Monday, September 3, 2012

Partial Application in C++

All too often, one finds that std::for_each or std::transform are not enough and falls back to the plain old for loop. Or perhaps C++11's range-based for loop. Some examples:

    // Game loop:
    while( dont_quit() ) {
        t = update_time();
        for( auto& c : charactors 
            c = update( t , c );
    }

    // Vector multiplication (x,y) * k = (x*k, y*k).
    vec operator* ( vec v, float k ) {
        for( auto& x : v ) 
            x = x * k;
        return v;
    }

Partial application is one way of dealing with this. In Haskell I could write the last one as such:

    updateCharactors t cs = map (update t) cs
    mult xs k = map (* k) xs

where (*k) is the partial application of (*) with k. (*k) returns a function, f, such that f(x) = x*k.Haskell, using curried notation by default, allows a natural expression of partial application by simply declaring the function with less arguments than it takes. In C++ we have a little work to do.

Of coarse, std::bind exists, but it suffers from two problems: the horrid std::placeholders::_1 syntax and the requirement of the caller to explicitly state all of the unbound arguments with a _1 or _2. I find this syntax unfriendly, but generic. It allows one to switch arguments around, duplicate arguments, bind nested arguments, and all sorts of neat things. It does what it does well, but I want something easier to use.

Ones first thought will probably be to implement a function taking a function, f, and an argument, x, and return a lambda that will take a y. This assumes, however, that f only takes one more argument (it may take many or none) and that y will be the same type as x, which is not true in the about the update example.

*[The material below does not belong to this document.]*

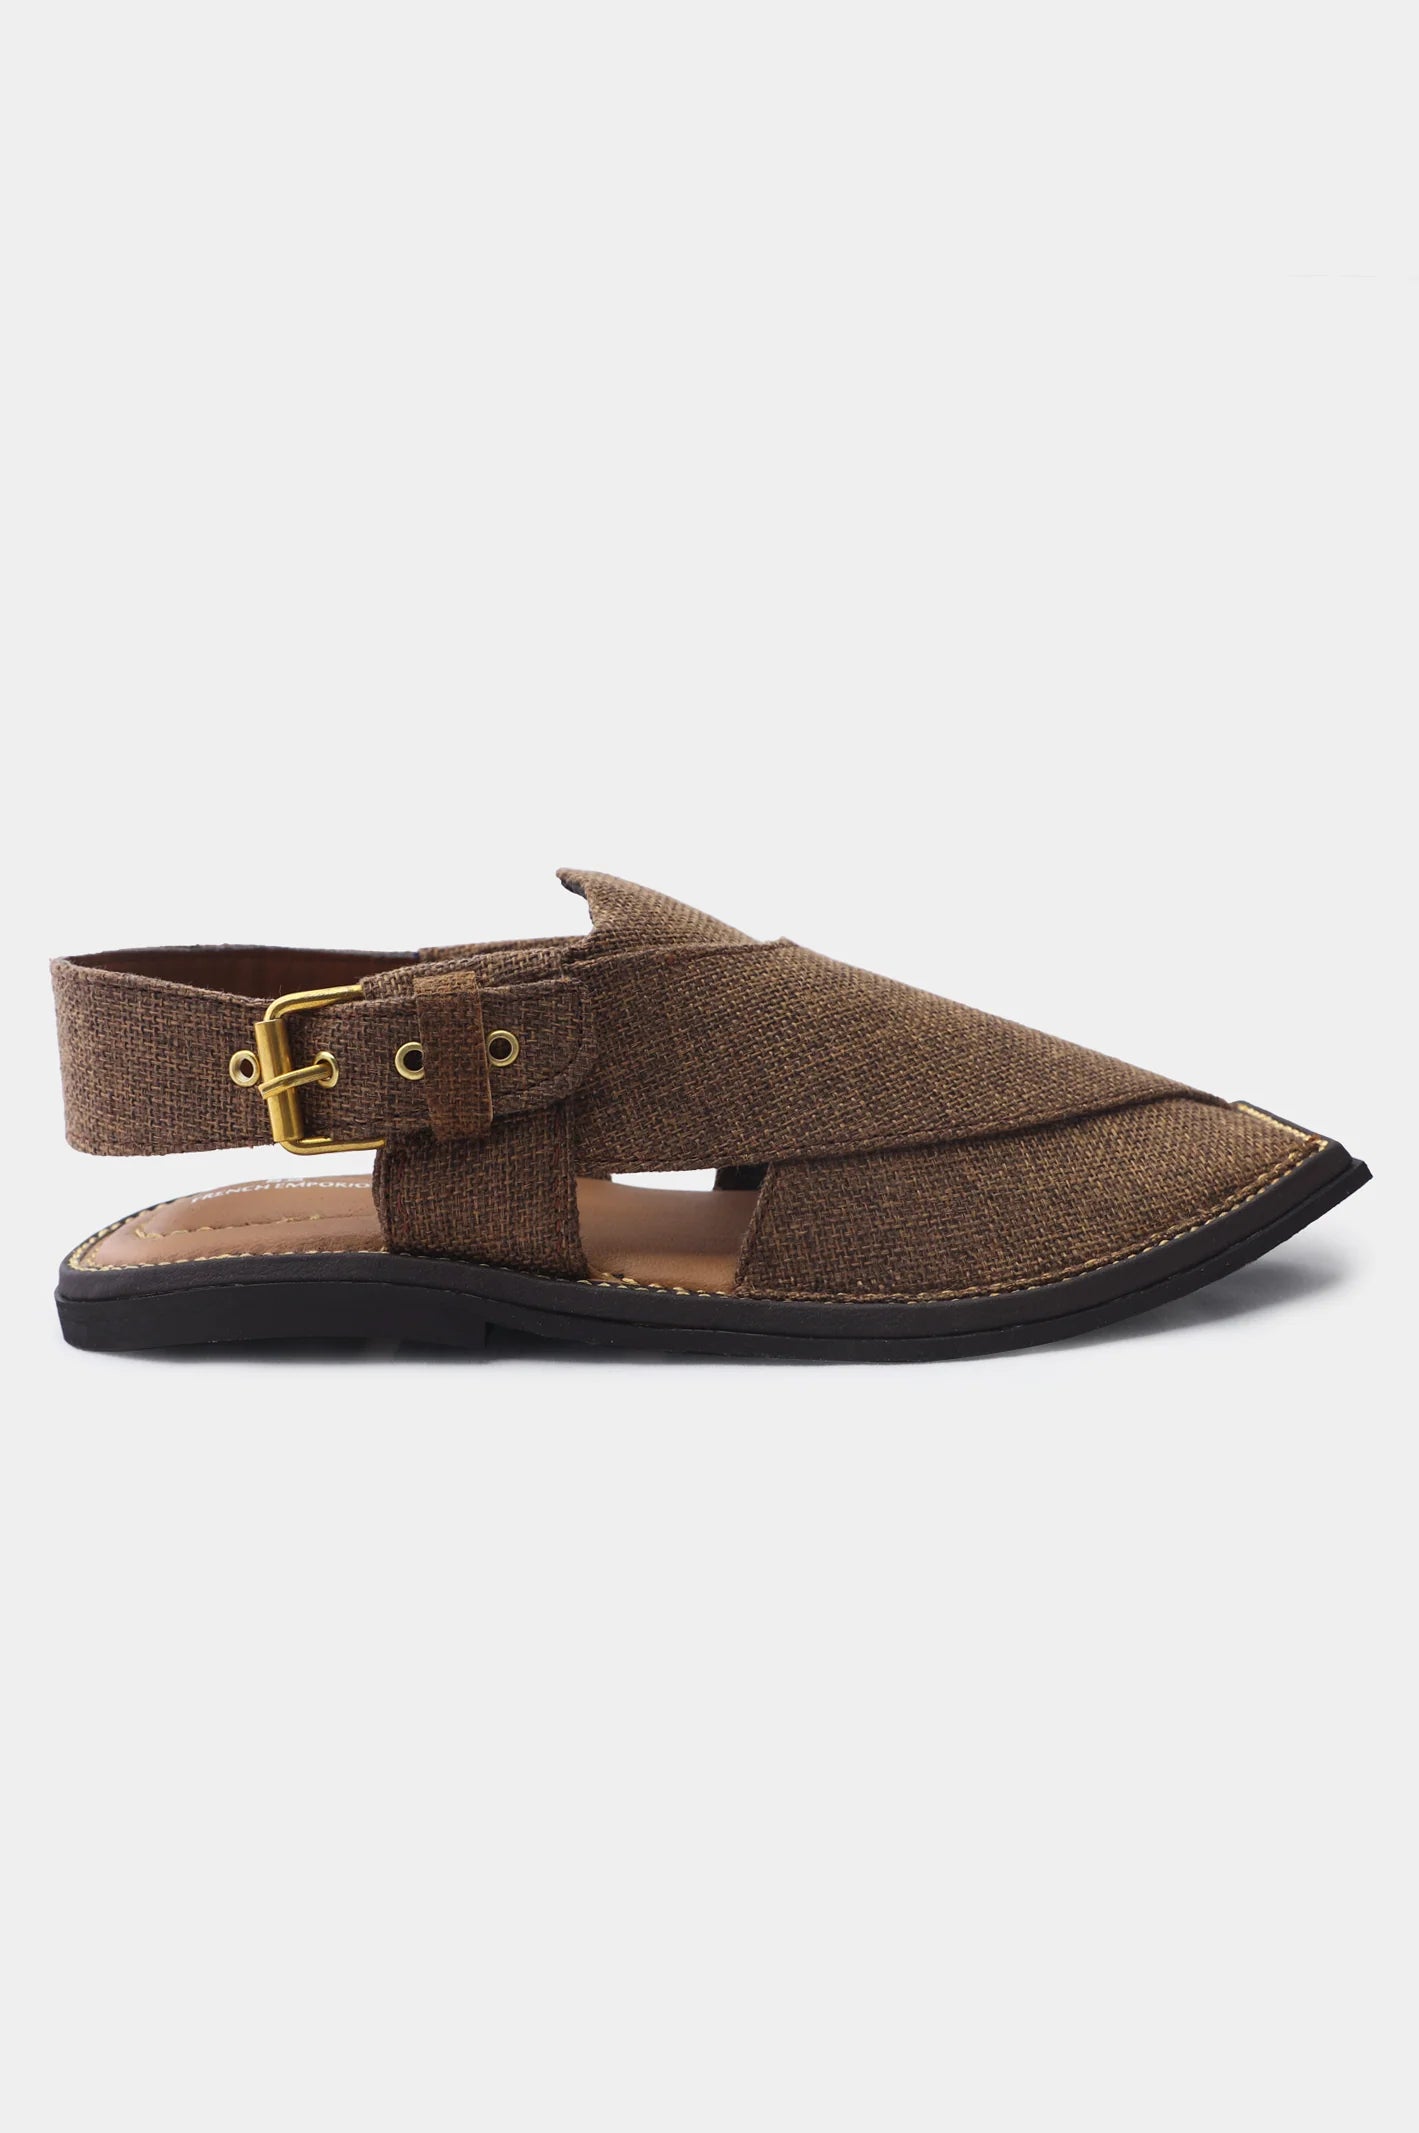 French Emporio Men's Sandals From French Emporio By Diners

A less obvious solution is to define a type that holds a function and one argument and overloads the () (function call) operator.

    #include <utility>

    using std::forward;
    using std::declval;

    template< class F, class X >
    struct Partial {
        F f;
        X x;


        // perfect forwarding
        template< class _F, class _X >
        constexpr Partial( _F&& f, _X&& x ) : f(forward<_F>(f)), x(forward<_X>(x)) { }


        // decltype declval
        template< class ...Y >
        decltype( f( x, declval<Y>()... ) )
        operator() ( Y&& ...y ) {
            return f( x, forward<Y>(y)... );
        }
    };


Now, we can make simple partial applications manually. Before trying to tackle the above examples of multiply and update, let's try a simpler one: plusOne. We'll use std::plus for simplicity and apply an int to it.

    auto addBy( int x ) -> Partial< std::plus<int>, int > {
        return Partial< std::plus<int>, int >( std::plus<int>(), x );
    }

    ...
    auto plusOne = addBy( 1 );
    cout << plusOne(3) << '\n'; // 4.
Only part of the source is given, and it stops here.